6) if TL is open to delegating, be available to do whatever, especially after the trip for cleaning equipment, etc.

Here's to a great Grand trip. Say "yes" to everything the Canyon has to offer, stay well (hydrated!) and pay it forward.


----------



## caverdan (Aug 27, 2004)

For guide books I would recommend Tom Martin and Duwain Whitis "Guide to the Colorado River in the Grand Canyon Lees Ferry to South Cave" along with Tom Martin's book "Day Hikes from the River". Both are excellent resources this Topo's and a ton of places to camp and see in them.

As for extra beer...I'd put it in a dry bag and hide it till you need it.


----------



## mrkyak (Jul 11, 2005)

Tom Martins river map is spot on with his suggested routes through the rapids. At 13-16K upset and 209 rapid are really really big.
Oaring into the wind for days on end is a right of passage, just don't let it be your your ticket to rotator cuff damage. I prefer a cat over a raft for handling wind, it lets wind pass underneath between the tubes. Either way take care of your back and shoulders or you'll end up a passenger.
Mind your finger tips, wear some type of glove that allows you to rig and handle cam straps and have a second pair. Once you have taped up thumbs and index fingers it's almost impossible to operate cam straps.
Fern Glenn has the nicest 1/4 mile long beach.
Have a grand time!


----------



## briandburns (Jan 12, 2010)

Sleepless said:


> 5-What else:
> I've looked at 20 pages of past Grand threads but Im sure there is so much I'm not anticipating. What advise can you offer? What did you learn? What did you wish you had brought along?



A product like "Skin Shield" liquid bandage is good to have along to help repair the cracks that open up at your fingertips from all the dry air and rigging chores. Some rafters use Super Glue for this, but the Skin Shield is also an antiseptic. Probably a little healthier...


----------



## tmacc (Sep 6, 2009)

We launched 5/8 in '09 and it was 105* at Phantom that day.

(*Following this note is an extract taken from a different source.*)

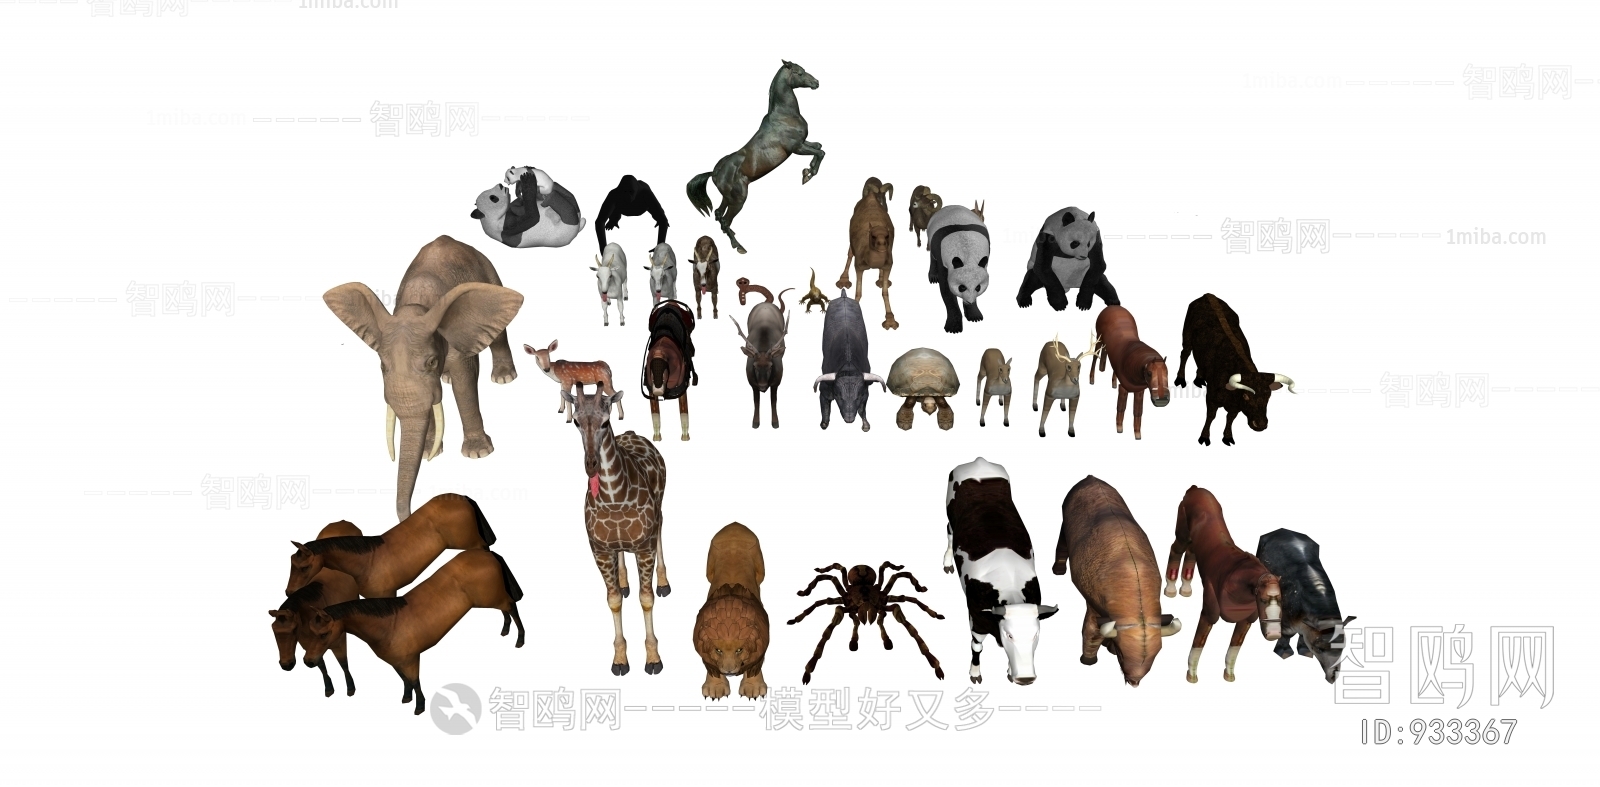 现代恐龙 大象 马 长颈鹿 蜘蛛 牛 羊组合

The whole trip was hot. Only rained on one evening on day 15, but as other have mentioned, bring a extra layer or two.

Double ditto Martin-Whitis guide book for sure. Someone on MB suggested to bring two because they lost theirs in rapid or something. We put ours in one of those clears plastic ziploc map pockets that has d-rings on it. We then put a 'biner and a small loop strap that makes it easy to read w/o un-clipping it. We get the map pockets at REI. Liddemann's is a good guide too. Belknap not so much IMO.

Get a cheap military duffle bag at a surplus store to put your spare beer in. The Chinese/Korean ones are made of a heavy nylon material. Prolly $10. 

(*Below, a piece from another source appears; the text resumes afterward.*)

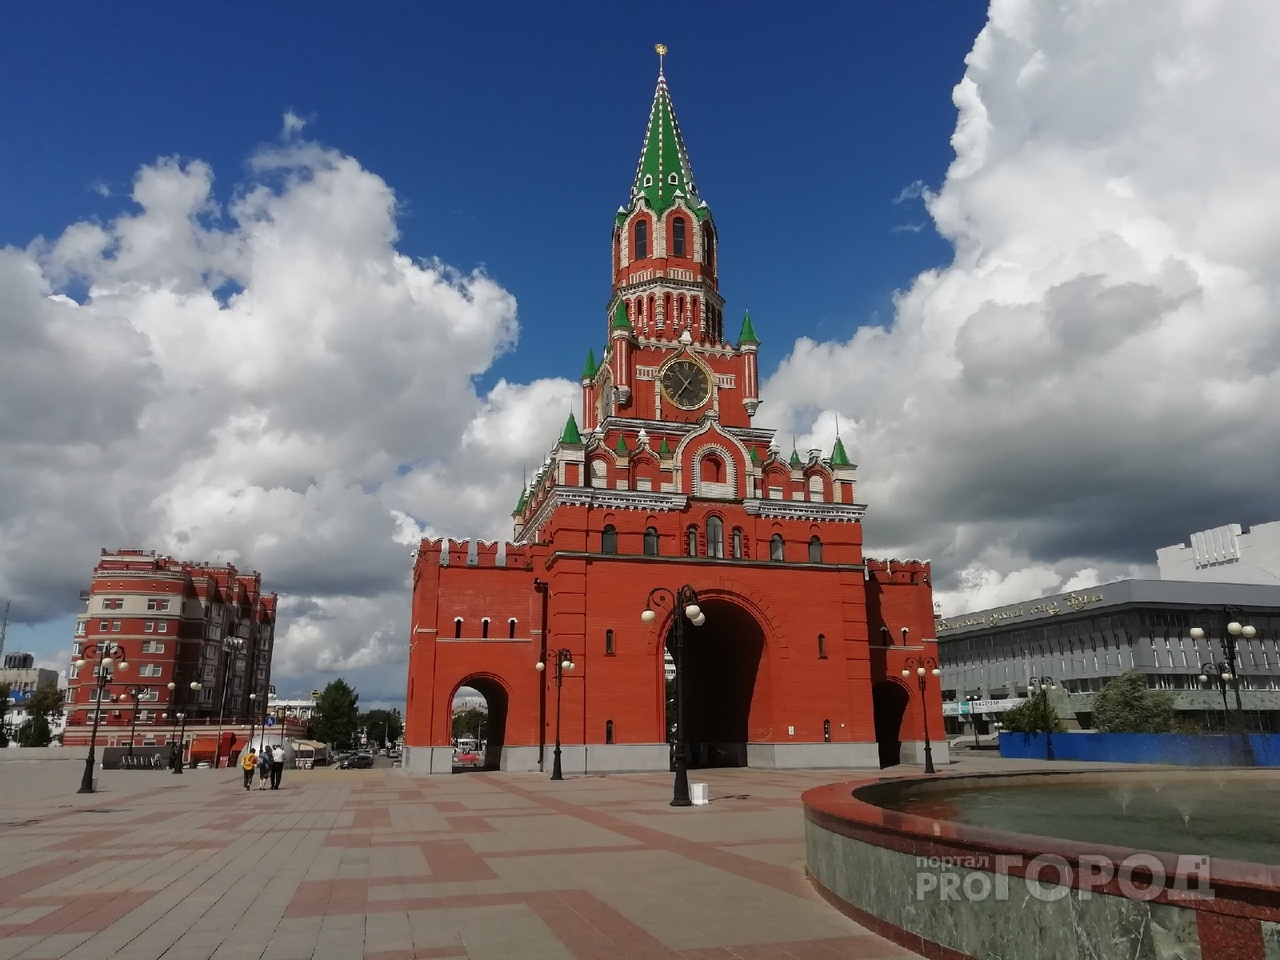 Йошкар-Ола попала в рейтинг безопасных городов России

Get a plastic deadblow hammer (Home Depot) for smashing cans. Way more comfortable than using a rock. Get a feed bag ($2) from a farm supply store to put you smashed cans in so they don't puncture something. BTW we rinse the beer cans before smashing. Our friend brings an old NRS Bill's Bag to put the feed sack w/ the cans in and by the end of the trip it gets a little rank if you don't rinse. 

I've rowed our 18' cat and a 18' Sotar raft and they're both real pigs to row in the wind. on our first trip, got a whole 3 miles one day before calling it quits. 

Have a blast. We launch on 9/18.


----------



## peak (Apr 7, 2006)

leather gloves and tegaderm...prescription pain killers just in case. antibiotics?


----------



## Faucet Butt (May 11, 2008)

Bring two spare oar locks.

Electrolyte replacement drinks:emer-genC or gatorade...I like to have plenty of salty snacks to munch on during the day like smoked almonds or such.

Bring a decent day pack for some of the longer hikes you might do. 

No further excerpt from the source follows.